EXERCISE:
Only the pictures are to be left out; return the rest of the data exactly as it stands.

DATASET EXTRACT:

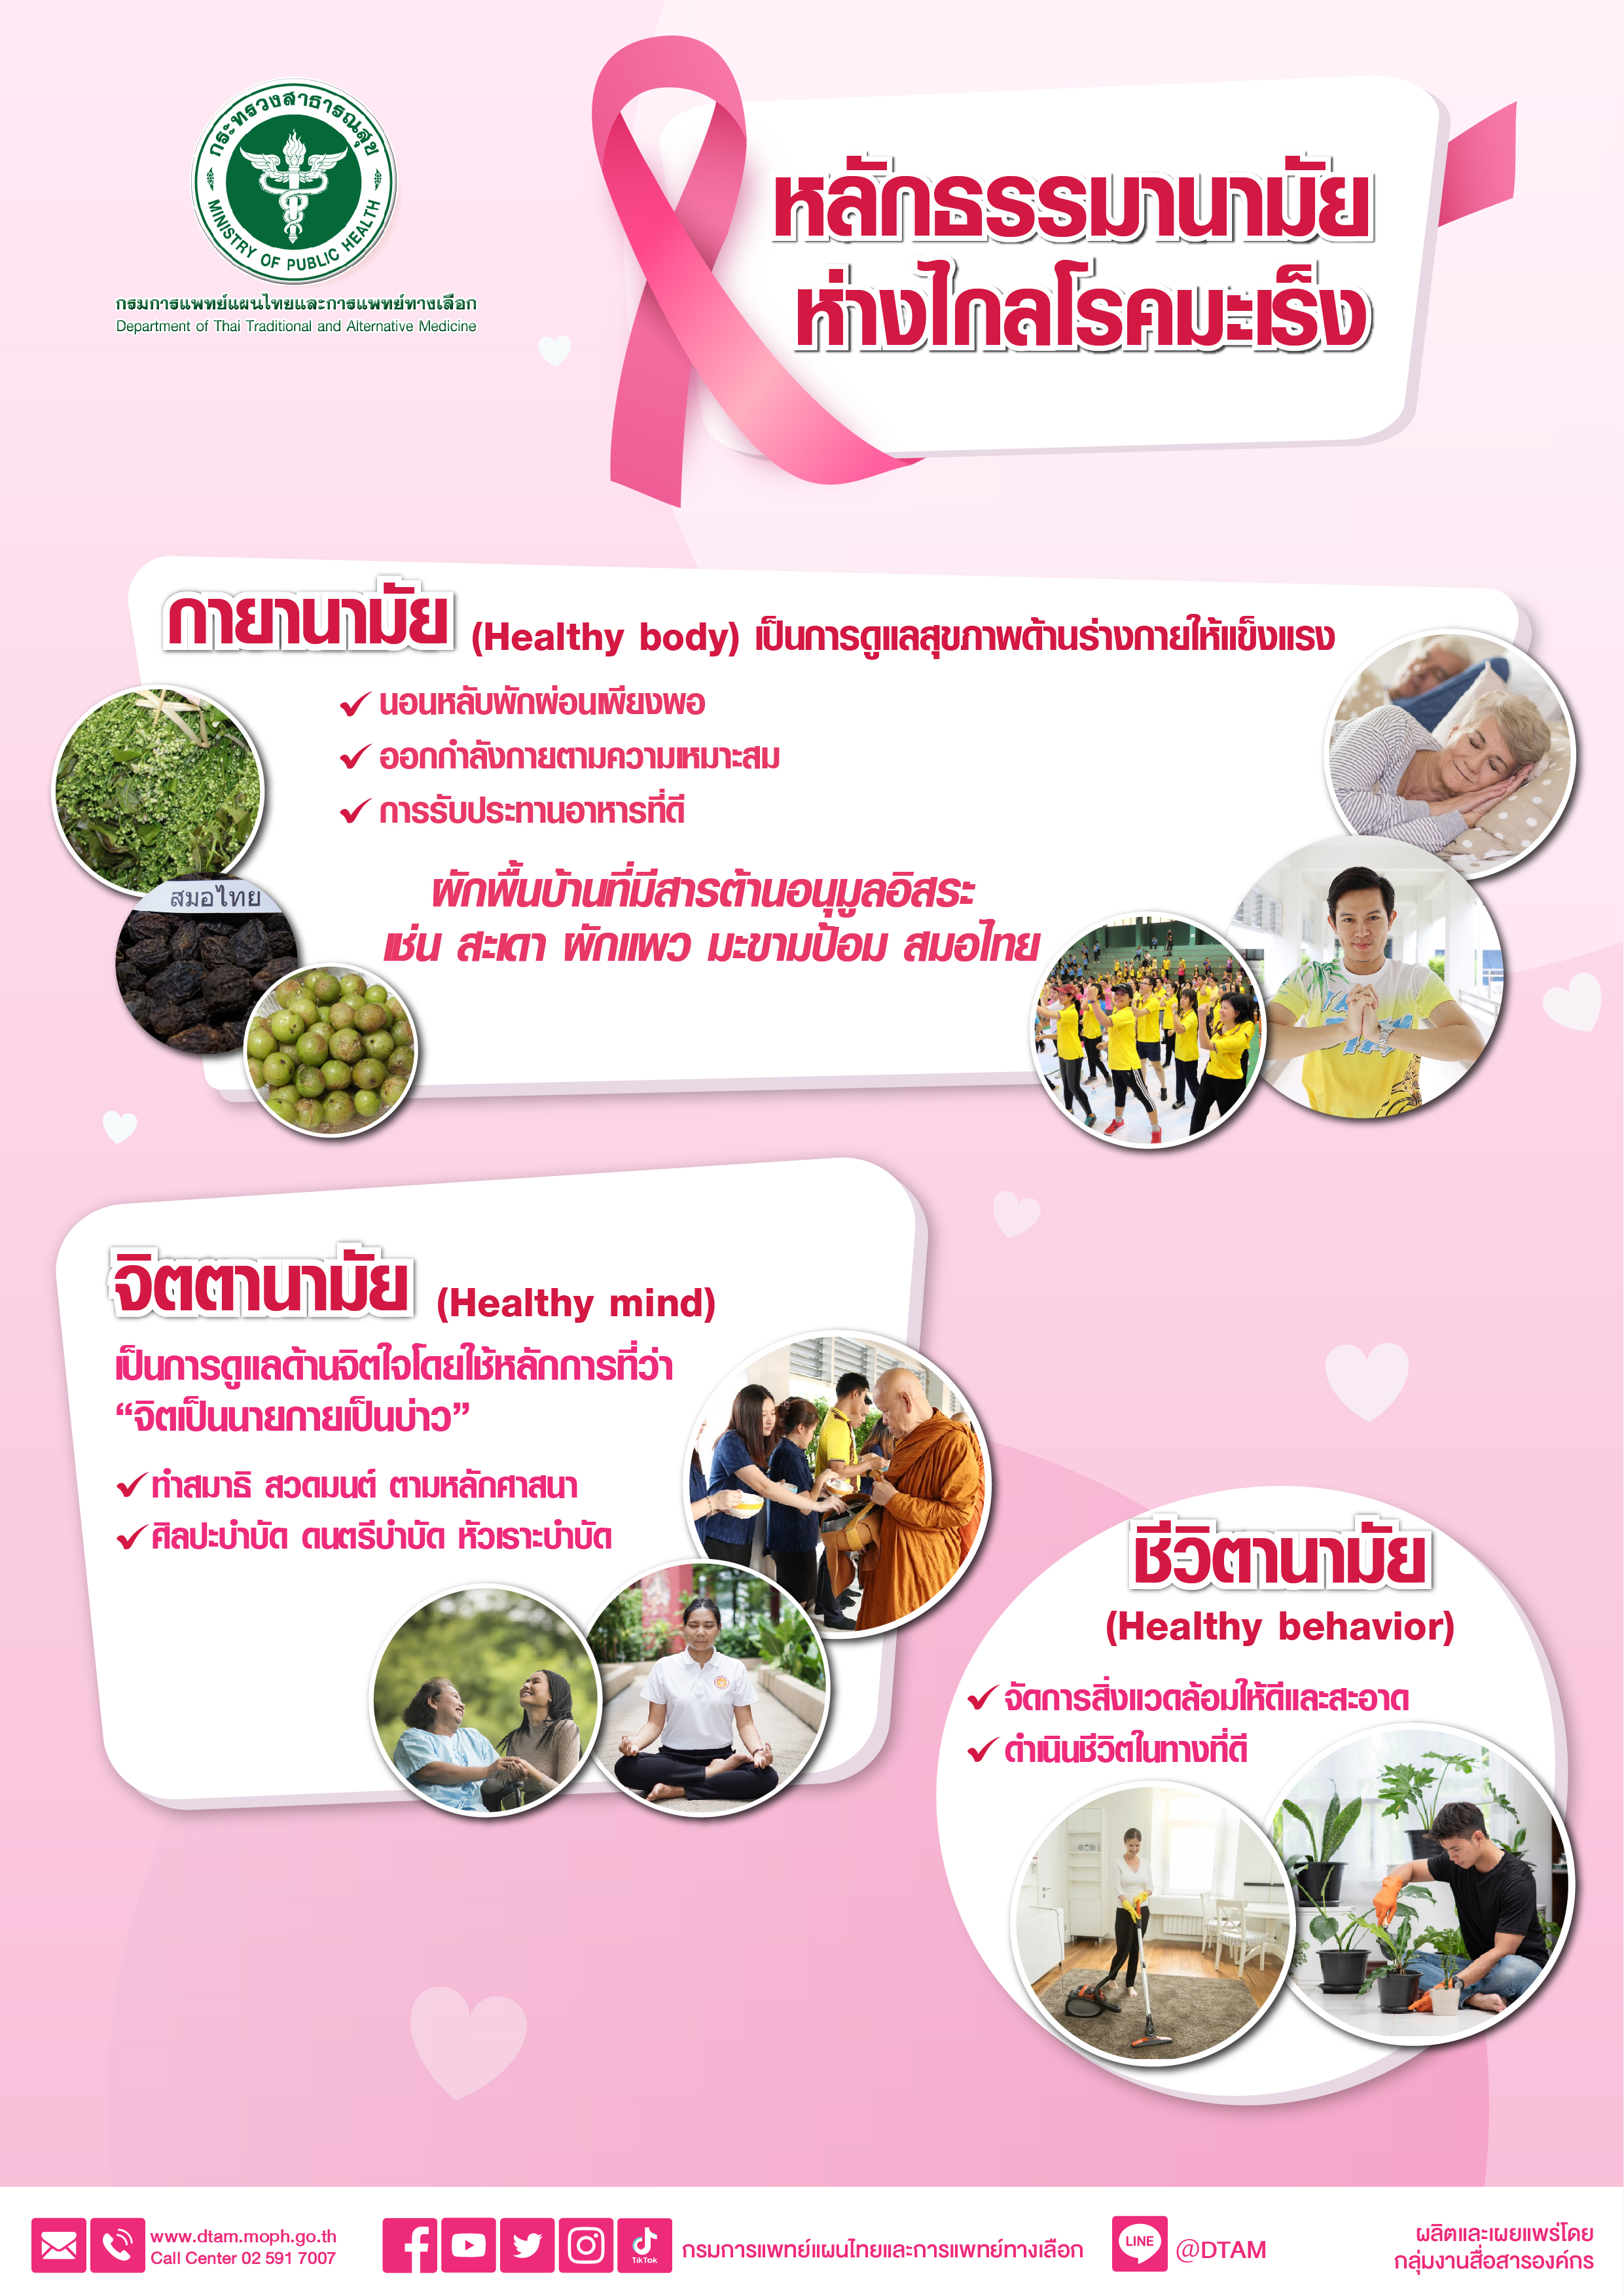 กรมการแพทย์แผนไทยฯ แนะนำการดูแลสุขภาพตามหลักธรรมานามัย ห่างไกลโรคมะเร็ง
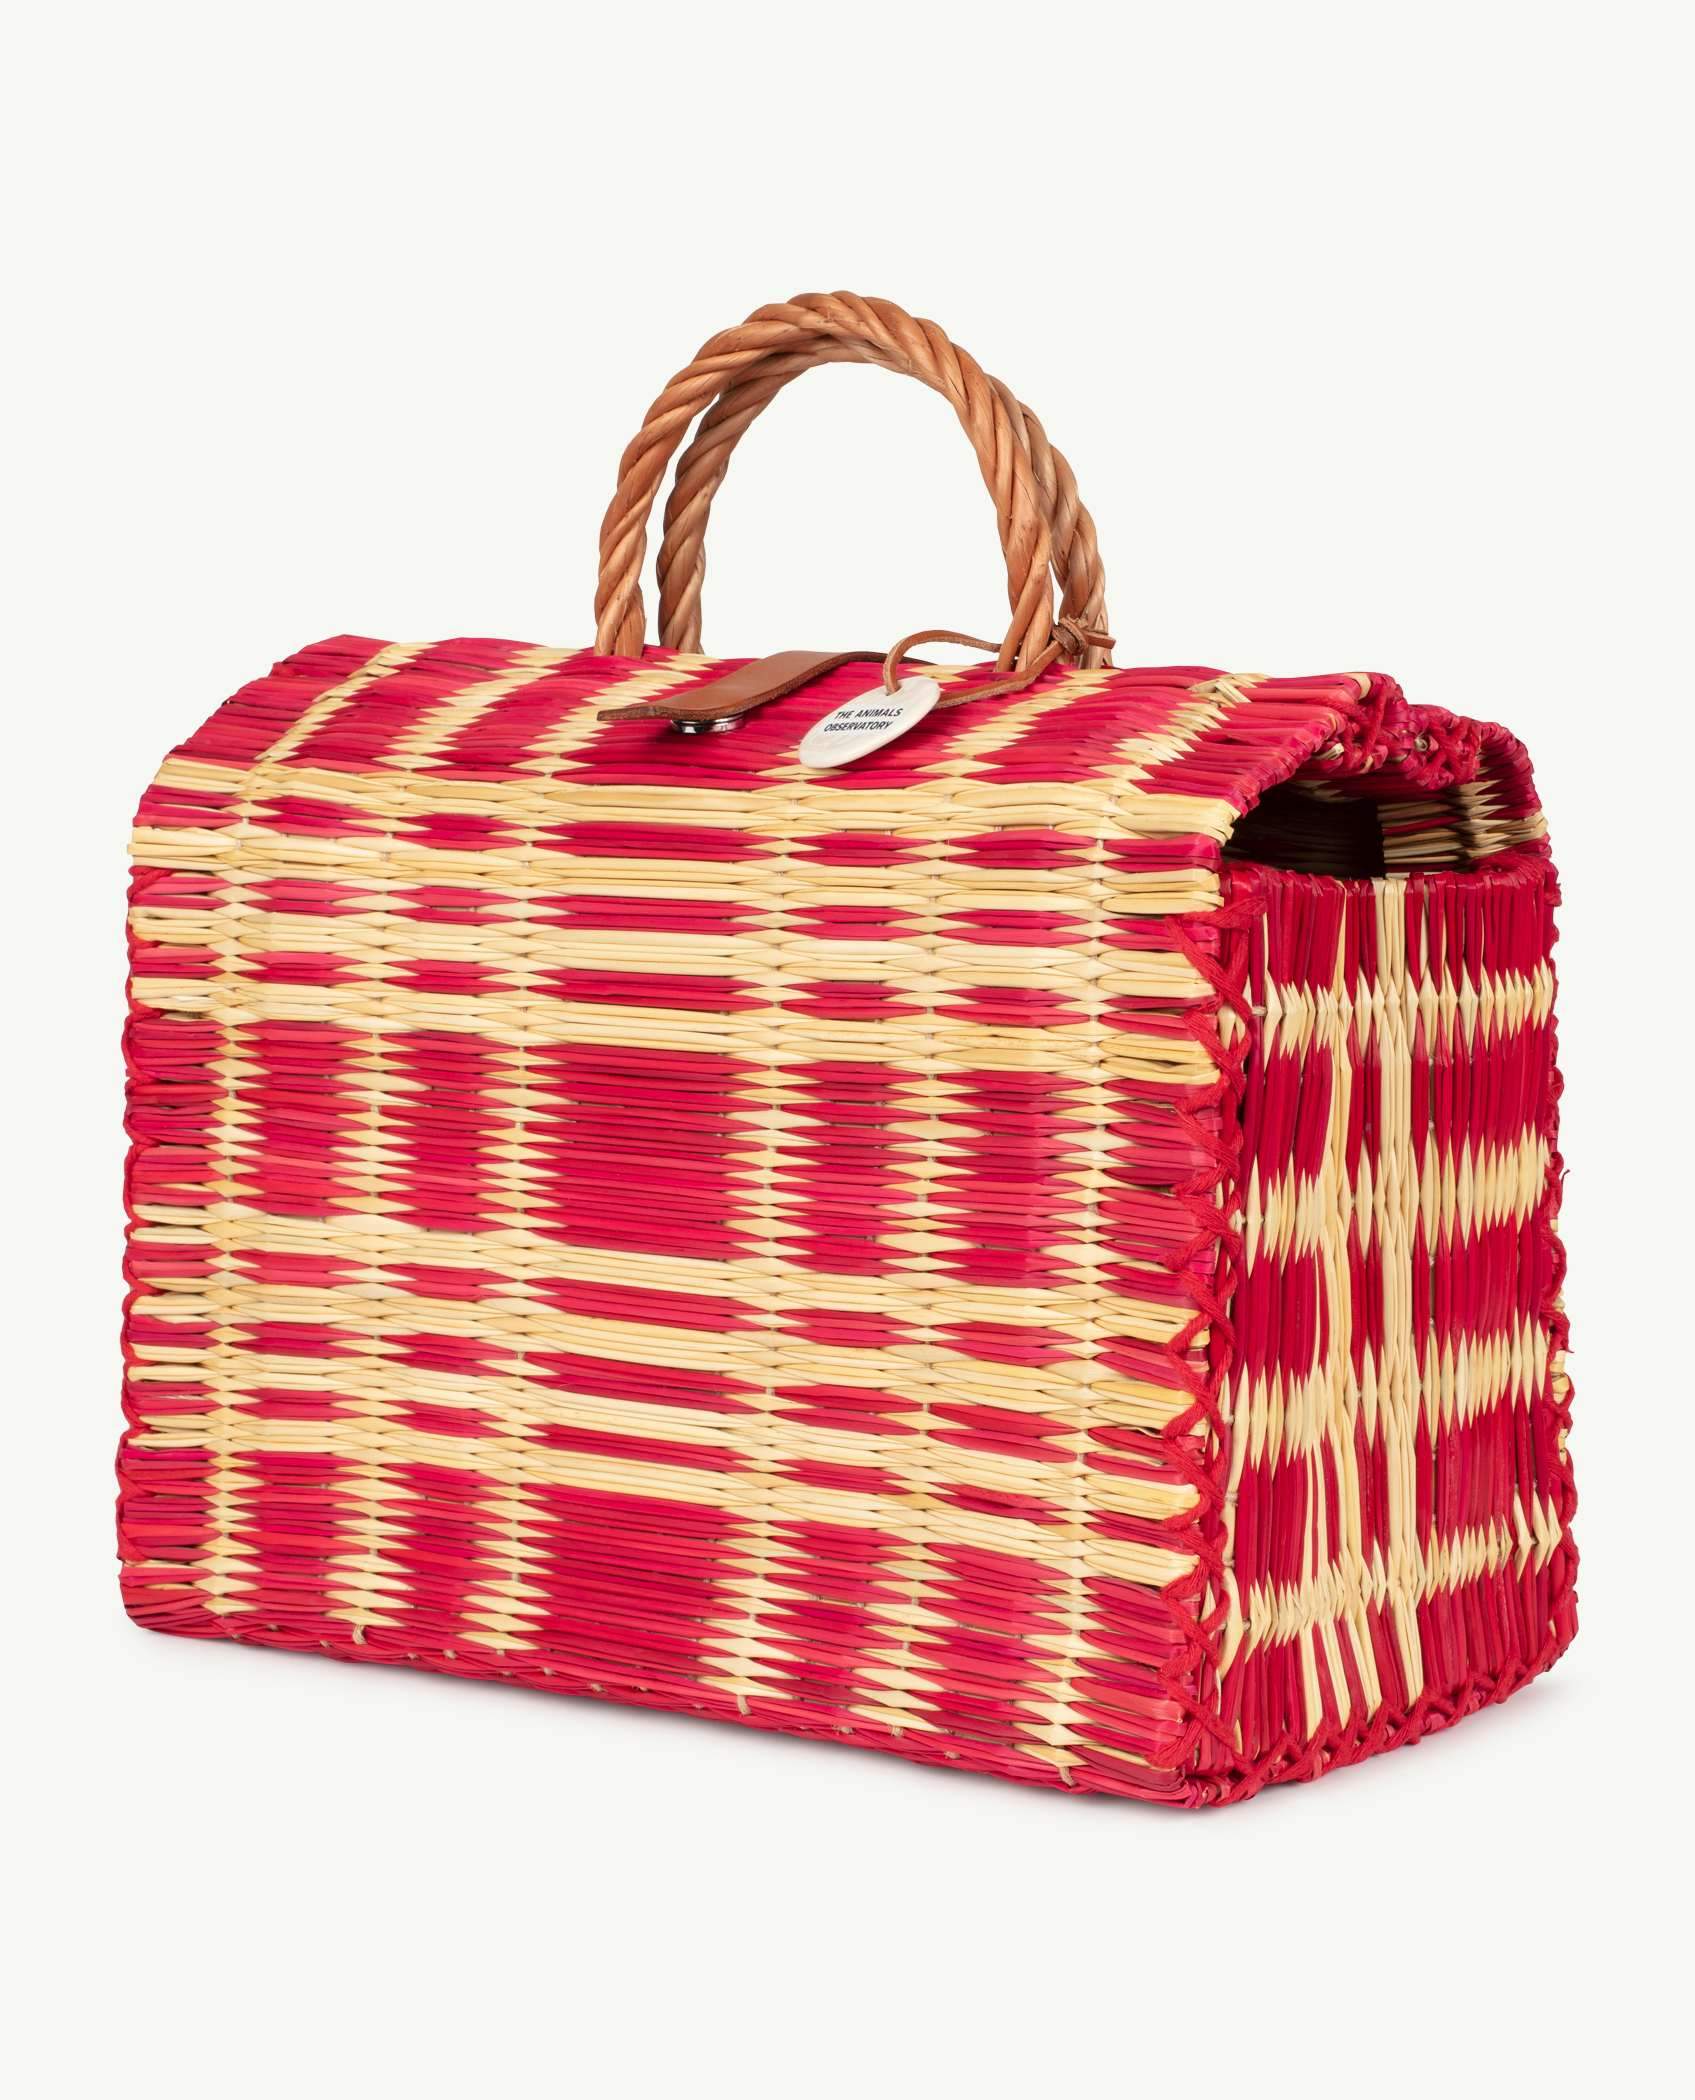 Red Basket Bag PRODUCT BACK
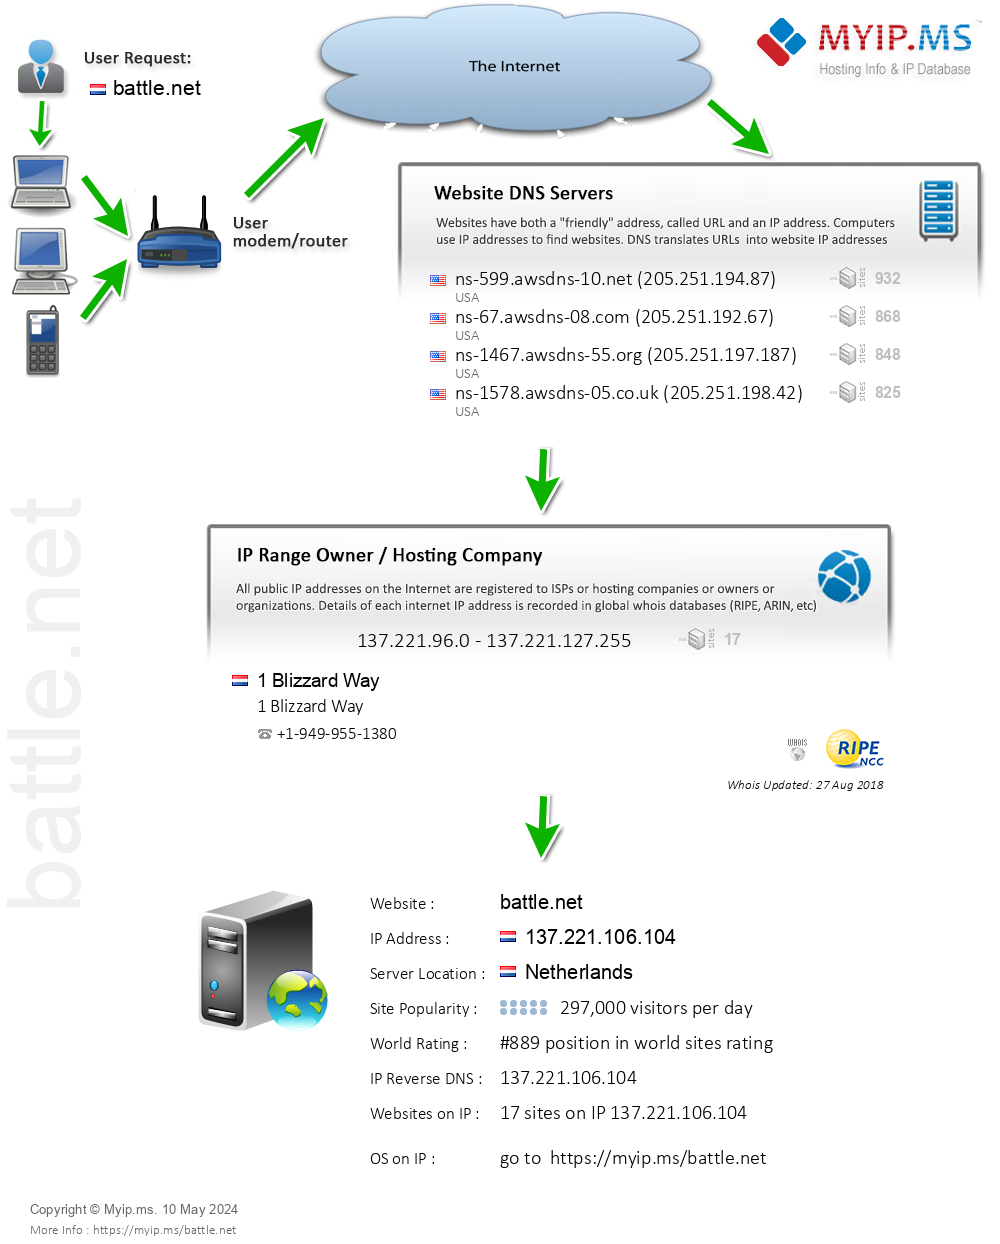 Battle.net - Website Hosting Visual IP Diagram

RESULT OF THIS TASK:
 กรมการแพทย์แผนไทยฯ แนะนำการดูแลสุขภาพตามหลักธรรมานามัย ห่างไกลโรคมะเร็ง
 Red Basket Bag PRODUCT BACK
 Battle.net - Website Hosting Visual IP Diagram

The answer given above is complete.